Sunday, September 21, 2014

Tricky Tacking

Parker v. Potter, 2014 VT 109

By Andrew Delaney

Adverse possession is an odd legal beast. Basically, it’s the law’s way of saying “if you liked it, then you should have put a ring on it.” Quite often, its application turns on what the previous owners of property did or didn’t do. Sometimes, as with a very recent case, it turns on what a previous owner was or wasn’t.

Plaintiffs claimed they’d adversely possessed “several strips of land adjacent to their property: a triangular area used for parking, a small grassy knoll, and a narrow strip of land on the eastern side of the roadway leading to plaintiffs’ house.” So, how’d all this come about? I’m so glad you asked.

Plaintiffs bought a house and some land right before Y2K, about four months after it was foreclosed on by the bank. Before that, the property had been owned by a couple who got divorced. The former wife testified that construction workers had parked in the disputed parking area during the time they owned it. She didn’t deny that she and her husband might have used it.

A former neighbor testified that the couple, as well as the previous owners, had used the disputed parking area since 1987. A contractor who had worked on the property in 1996 testified that he had drove and parked a skid steer in the disputed parking area for two weeks straight and he assumed it belonged to the couple. The neighbor never did anything about it. Nobody lived on the property between July and December 1999.

Plaintiffs have lived there year-round ever since, however. The former owners had left stuff in the disputed grassy knoll (not that grassy knoll) and plaintiffs added their own stuff—they cut trees and stored a boat, installed a park bench, and stacked firewood in the disputed area.

Then defendants looked at a neighboring property, learned that plaintiffs had asserted claims over some areas, and told plaintiffs they’d be buying the neighboring property, and plaintiffs would have to stop using the parking area. Then, after they bought it, defendants kicked it up a notch—they “moved plaintiffs’ boat out of the parking area and put boulders and fencing up to block plaintiffs from using the area.”

This prompted plaintiffs to file a quiet-title action. The trial court ordered defendants to remove the barriers. After trial, the court ruled that plaintiffs had adversely possessed the grassy knoll and the parking area, but not a strip of land next to the roadway. Defendants appealed.

Defendants’ first argument is that the trial court should’ve found that plaintiffs’ predecessors-in-title had abandoned the property when it was foreclosed on. Defendants’ other argument is that the evidence was insufficient to establish adverse possession of the knoll and parking area.

The SCOV tackles the abandonment issue first. In order to establish adverse possession when a party hasn’t been adversely possessing for the entire period, you have to look at the previous property owners’ actions. This is called “tacking.”

Defendants argue that tacking stops with a foreclosure because the property is then abandoned. A foreclosure doesn’t necessarily constitute abandonment as a matter of law. The SCOV cites some 1899 case from Arkansas that more-or-less says this.
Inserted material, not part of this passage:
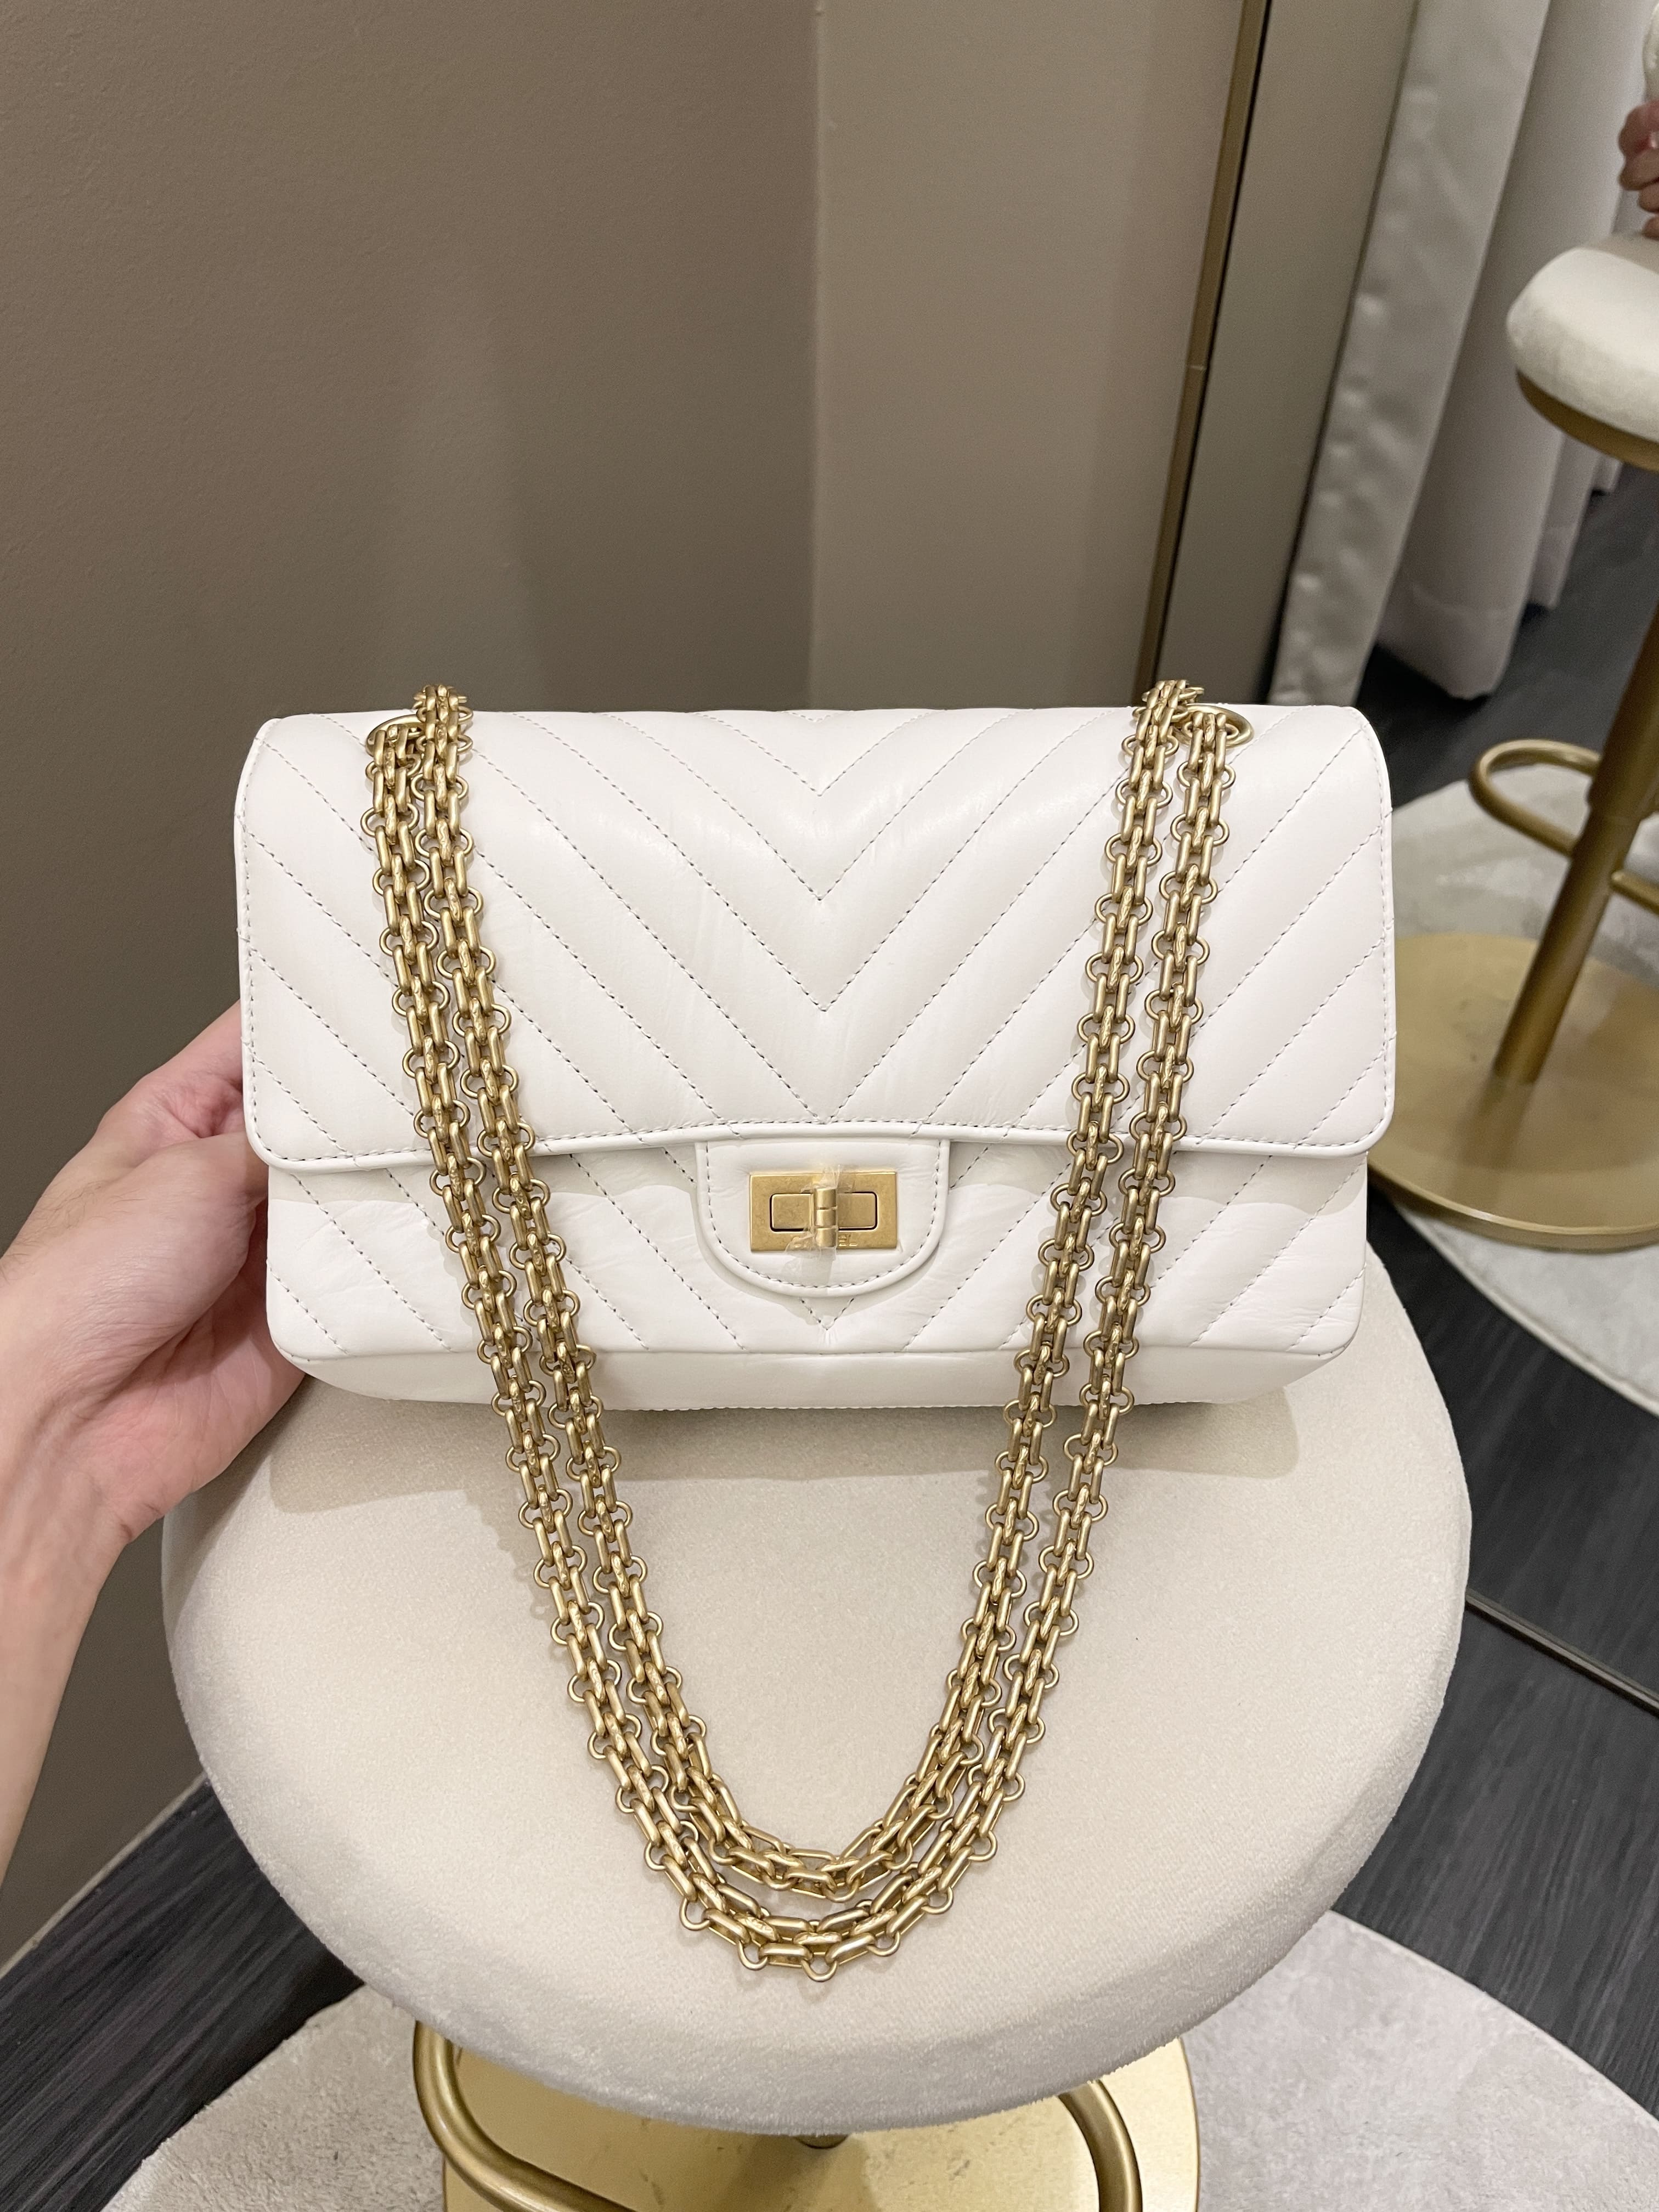 What Is The Difference Between Chanel Classic Flap Bag And Chanel

Thus, whether abandonment occurred is a mixed question of fact and law. In order for adverse possession to apply, intent is important and is implied from the adverse possessor’s acts; the possession has to be “continuous”—this doesn’t mean constant, just “consistent with the nature and character of the land and its adapted uses.”

Here, the SCOV concludes that the continuous element is met. Abandonment is generally a voluntary relinquishment of a claim. The foreclosure here wasn’t really voluntary. It’s not like the couple foreclosed on wanted to give up the property, you know? The SCOV reasons that the foreclosure “gap was insufficient to show that plaintiffs’ predecessors intended to abandon the disputed areas that they otherwise continuously possessed.”

The bank left the stuff that was there in the disputed areas and the realtor parked in the disputed parking area when he showed the property, so it’s also implied that during that time, the adverse possession continued—then plaintiffs stepped in and continued the possession. So that takes care of that.

Does a sufficiency-of-the-evidence claim ever really work? Here, the SCOV takes a quick look but eventually says the factual findings have adequate support in the record, the findings support the judgment, and they’re not clearly erroneous.

So, a foreclosure doesn’t necessarily interrupt tacking and plaintiffs get to keep “their” parking area and grassy knoll. Fun stuff.